In Celery 4.x we only have tasks which are serialized to Command Messages that we publish to the Message Broker whenever we want to execute a Task.

Document messages are the messages we got as a result. Those message were stored in the Result Backend. They had a specific format which only the Celery 4.x library knew how to parse.

In Celery, we now have new types of messages we can use.

Document Messages may now also be produced whenever we publish a serialized representation of a Domain Model to the Message Broker. These messages may be received from a Data Source or published directly from the application.

Event Messages are a new concept for Celery. They describe that a Domain Event occurred. Multiple tasks can subscribe to an event.
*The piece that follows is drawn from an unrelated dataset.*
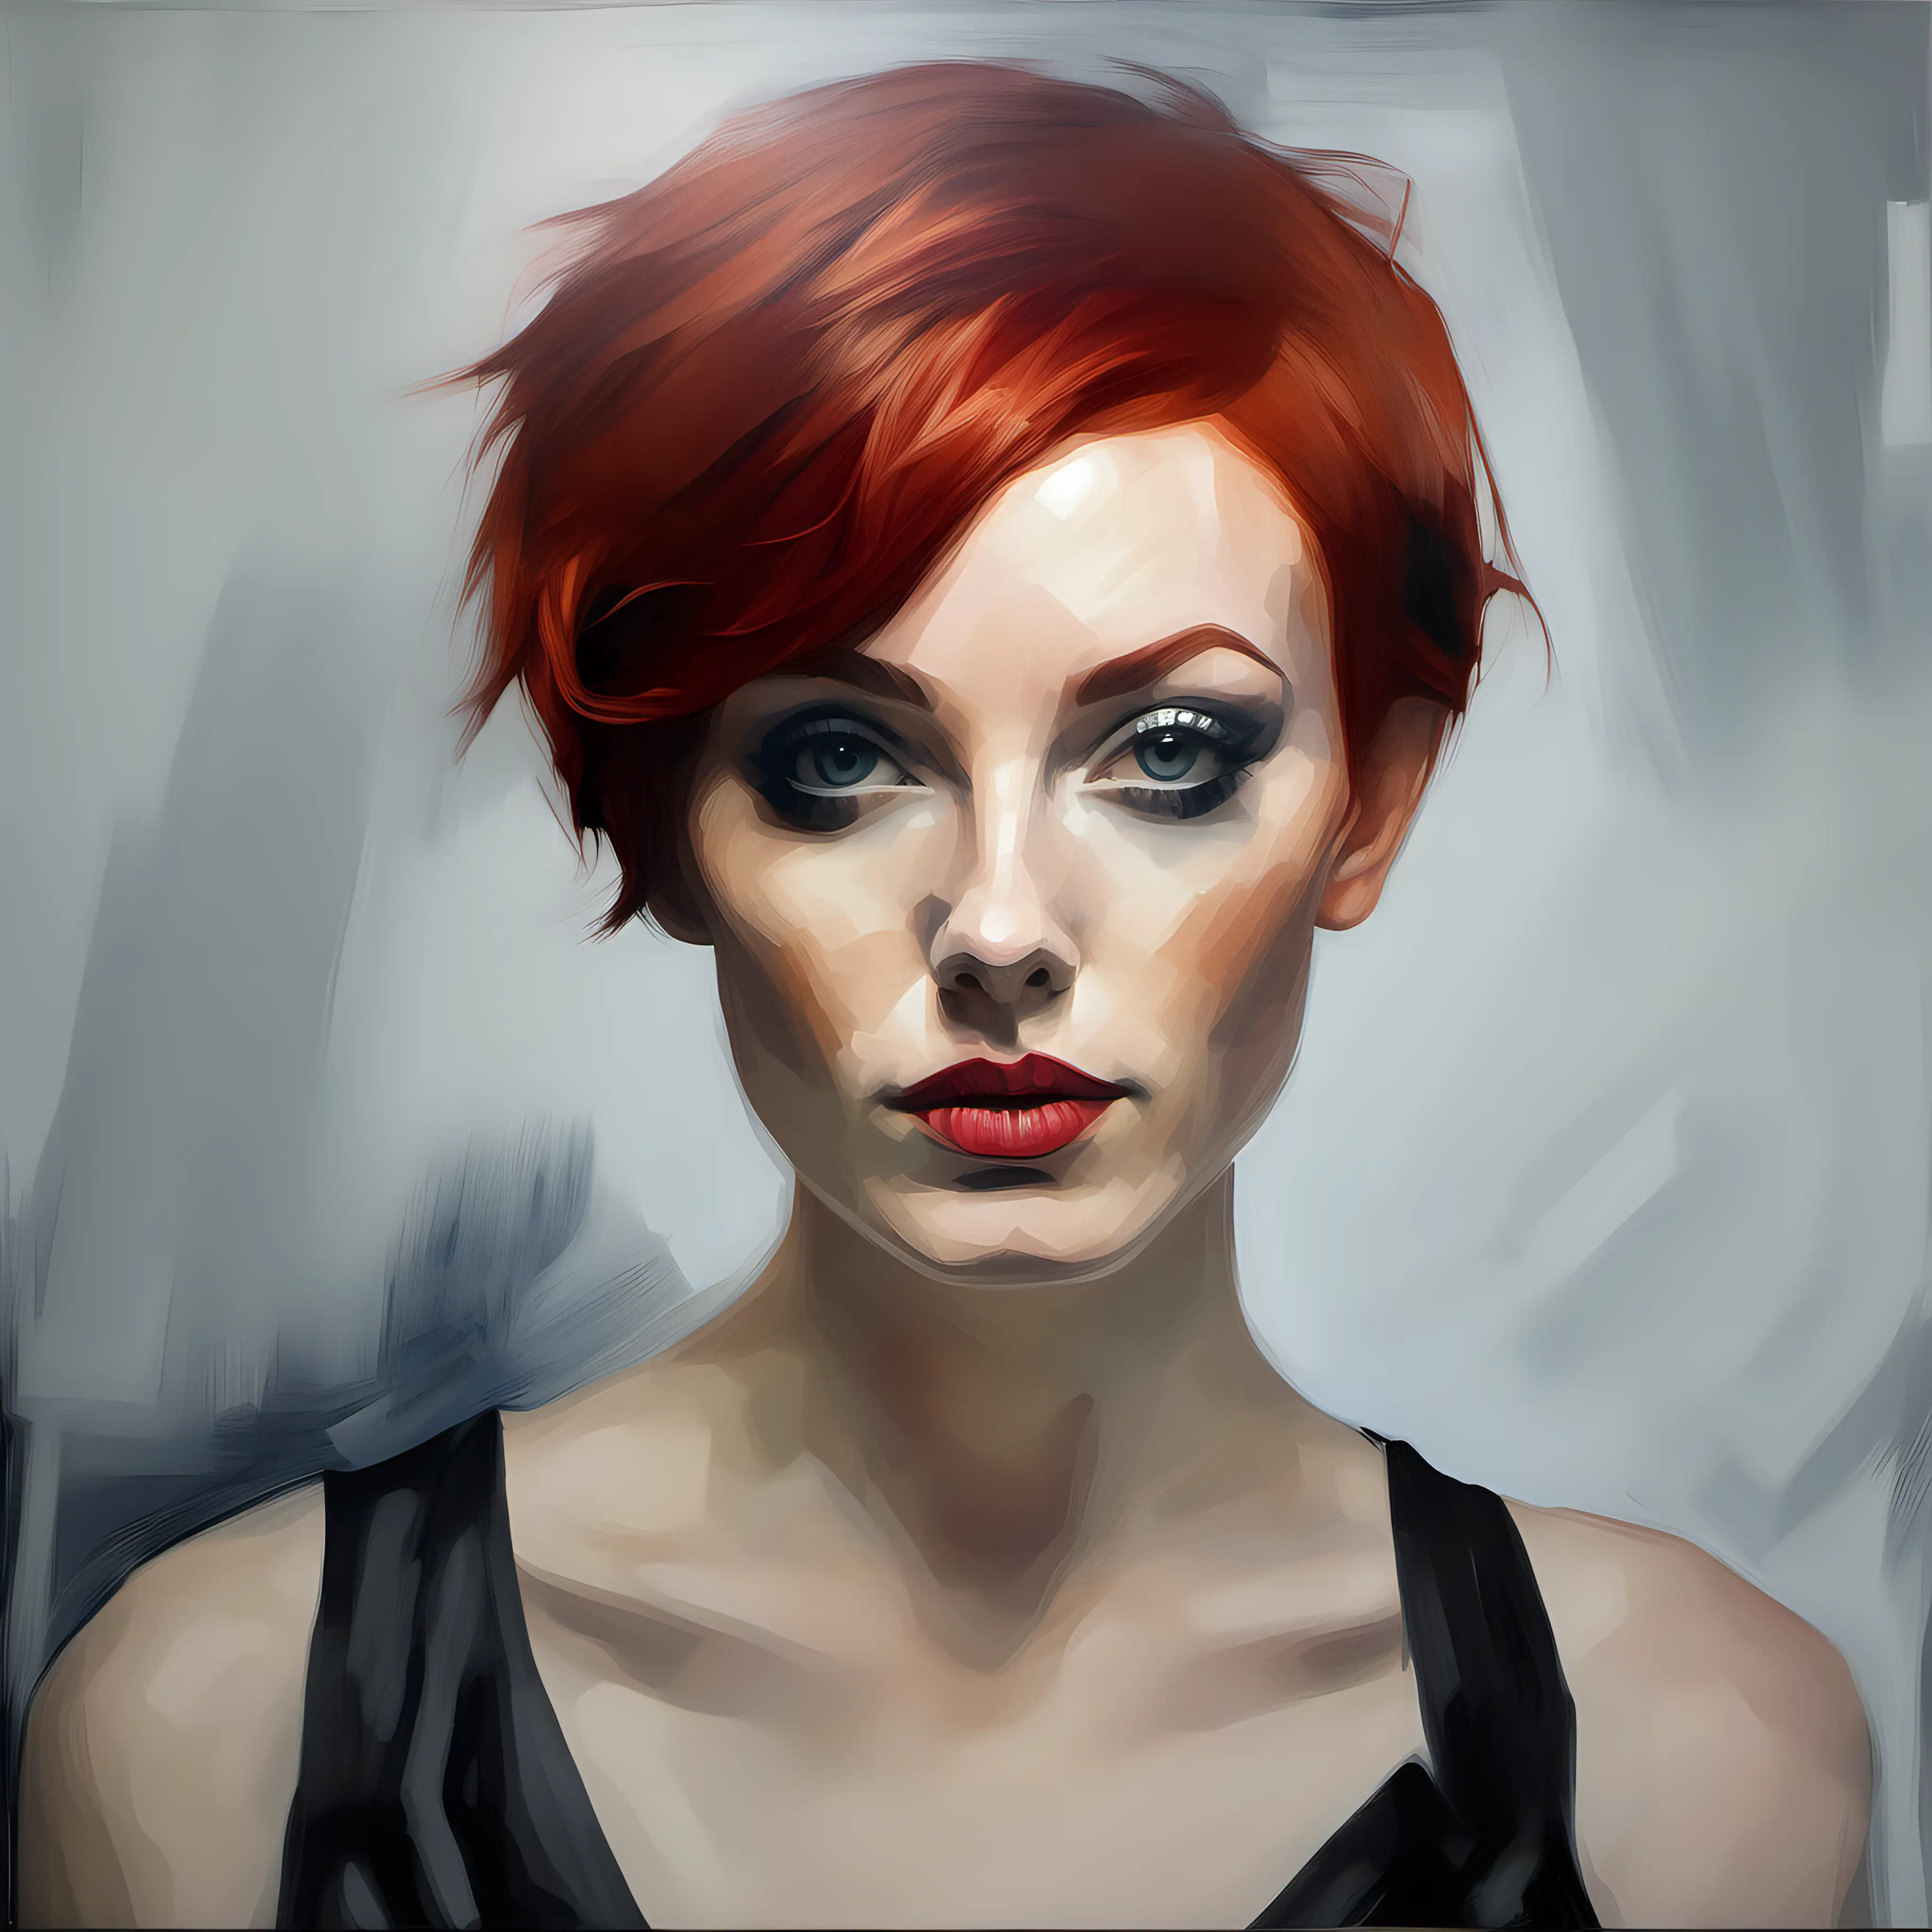 Vibrant Portrait of a Confident Young Woman with Short Red Hair and Full Makeup

Whenever we receive an Event Message we publish those tasks as Command Messages to the Message Broker.

These fundamental architectural building blocks will aid us in creating a better messaging system. To encourage Ubiquitous Language, we will be using them in this document when applicable and in Celery’s codebase as well.

Message Broker ¶

In Celery 4.x each Celery Master connected to only one Message Broker cluster.

This is no longer the case. Celery now allows connecting to multiple Message Brokers even if they are of clusters that use different implementations of a message broker.
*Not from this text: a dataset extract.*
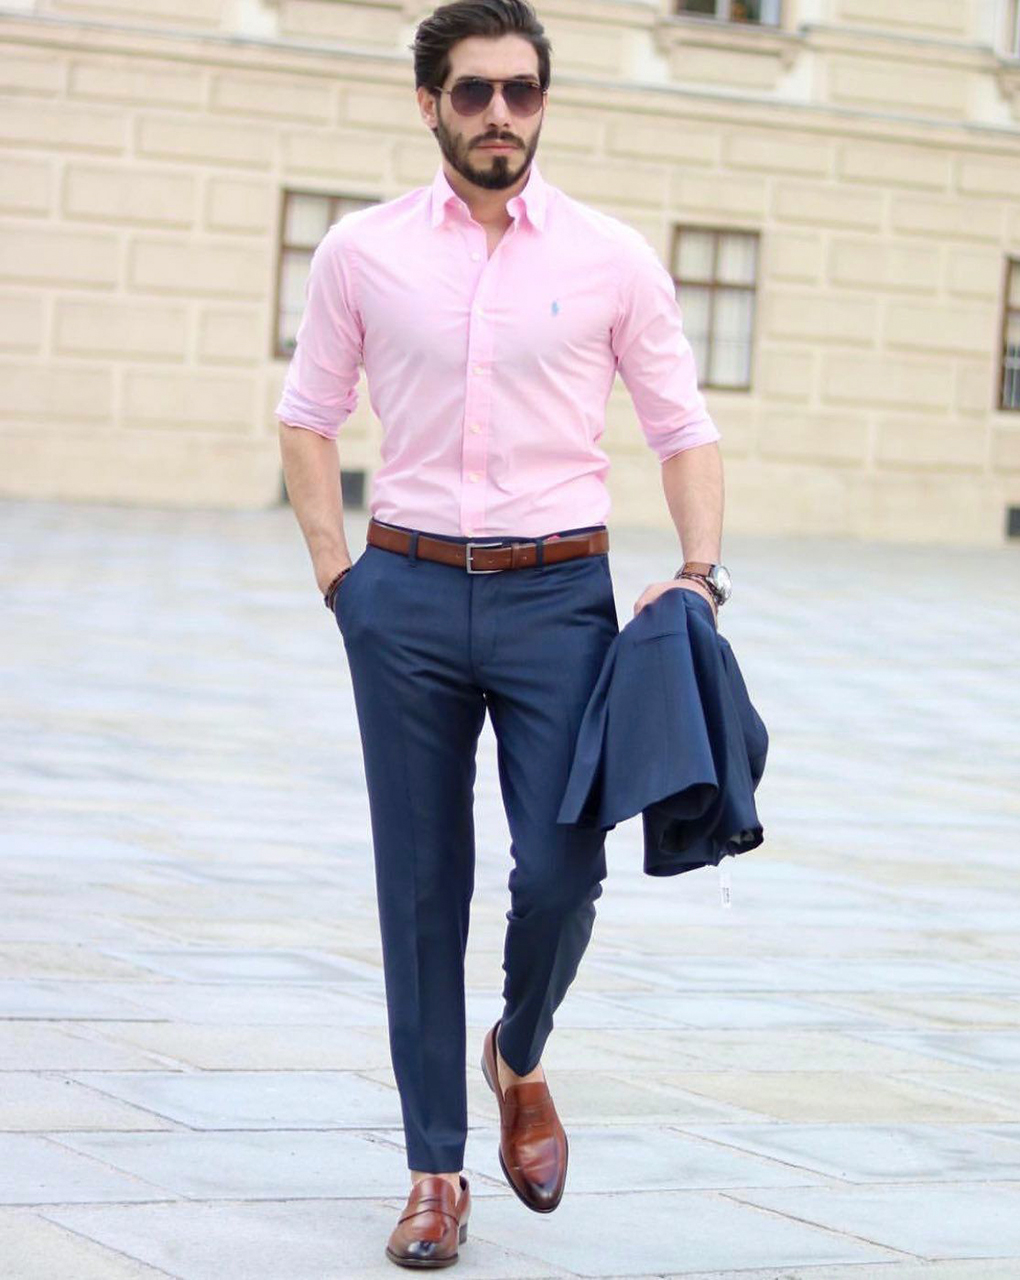 Pink shirt, navy pants, and brown loafers

Users can consume messages from a Redis cluster, a RabbitMQ cluster, and an ActiveMQ cluster if they so desire.

This feature is useful when, for example:

The user migrates from a legacy system that uses other implementation of a Message Broker, but the new system uses a more modern one.
The user wants to split the load between clusters.
There’s a security reason to publish some messages to a specific cluster.

On some Message Broker implementations the Controller will assist in managing the cluster.

Data Sources & Sinks ¶

In Celery 4.x we had a Result Backend which was used to store task results and coordinate the execution of chords.
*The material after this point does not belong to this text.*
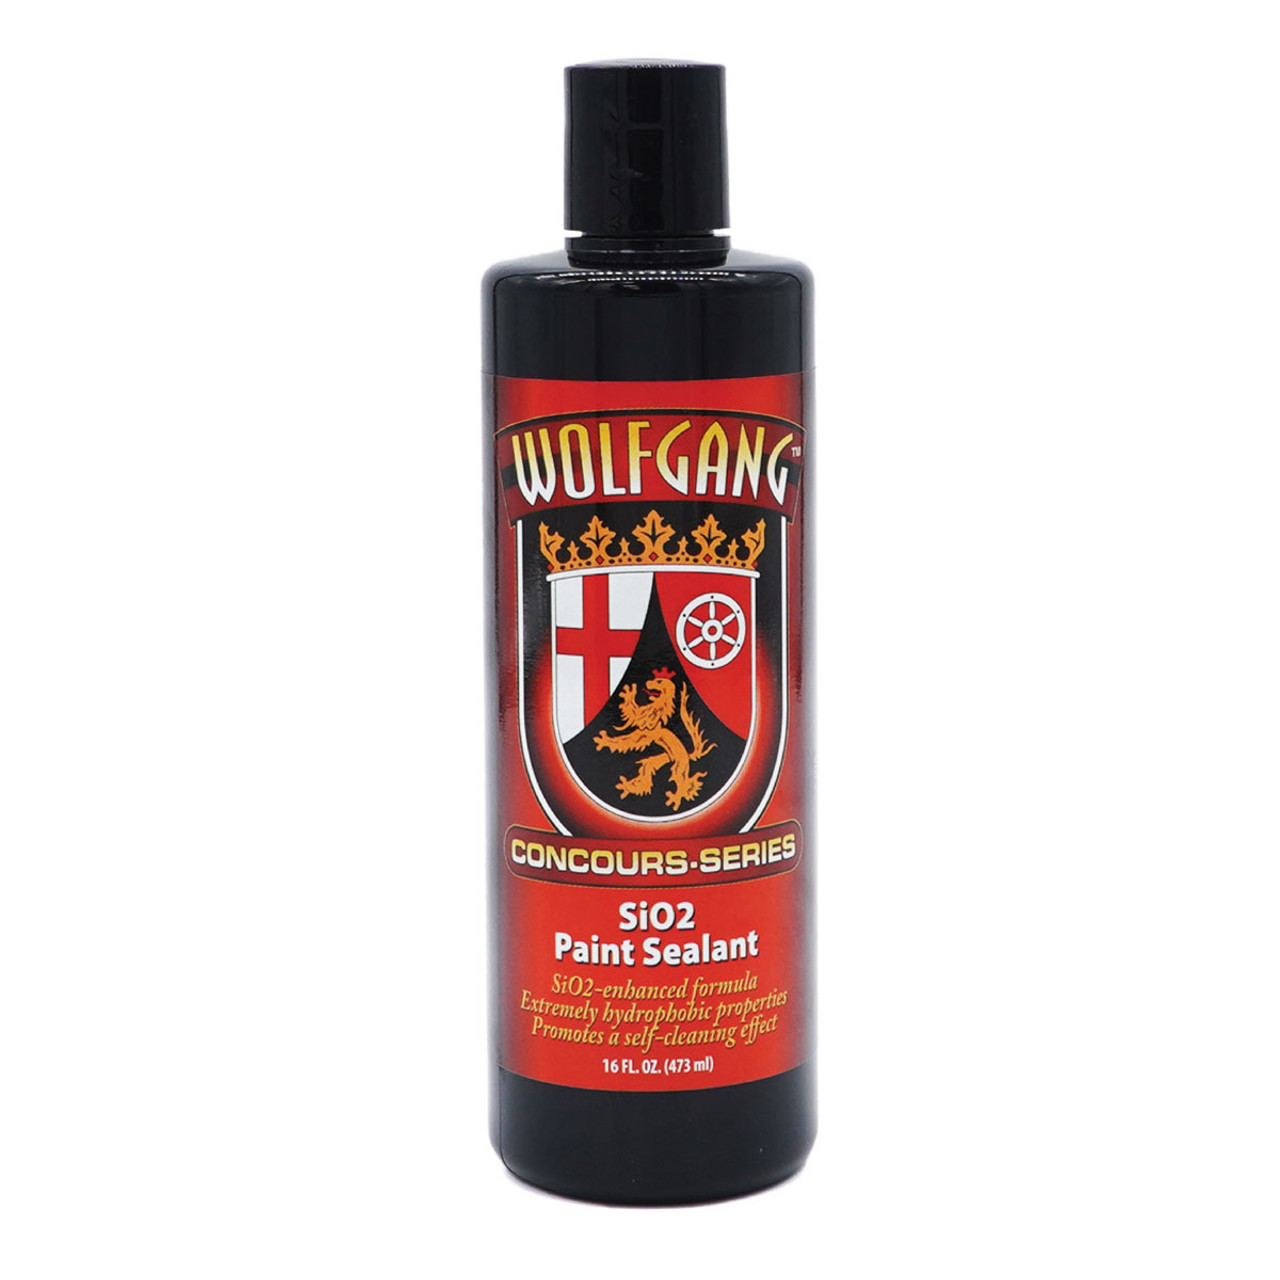 Wolfgang Concours Series SiO2 Car Paint Sealant

We extend the Result Backend concept further to allow new use cases such:

ETL.
Data Integration.
Reporting.
Taking action when data is inserted or updated.

In addition, like we did for the Message Broker, we now allow multiple data sources and sinks instead of one cluster of a Result Backend.

The responsibility for coordination of the execution of chords has moved to the Execution Platform.

Data Sinks ¶

A data sink is where task results are saved.

A task result may be saved in more than one data sink (e.g. a Kafka Topic and S3).

The Router is responsible for routing task results to the correct data sink(s) and properly serializing them.

Data Sources ¶

A data source is a anything that stores data. It can be a Kafka topic, a S3 bucket, a RDBMS or even your local filesystem.

Some data sources can notify Celery of incoming data. Others, Celery needs to poll periodically using the Task Scheduler.

The Router is responsible for listening to incoming data from the various data sources connected to it.

Whenever the Router receives incoming data it sends a Document Message to the Publisher which in turn will publish it to the Message Broker.

Controller ¶

In Celery 4.x we provided a basic tool for controlling Celery instances called Celery Multi. We also provided Celery Beat for periodically scheduling tasks.

The Controller replaces those two components and extends their functionality in many ways.

The Controller is responsible for managing the lifecycle of all other Celery components.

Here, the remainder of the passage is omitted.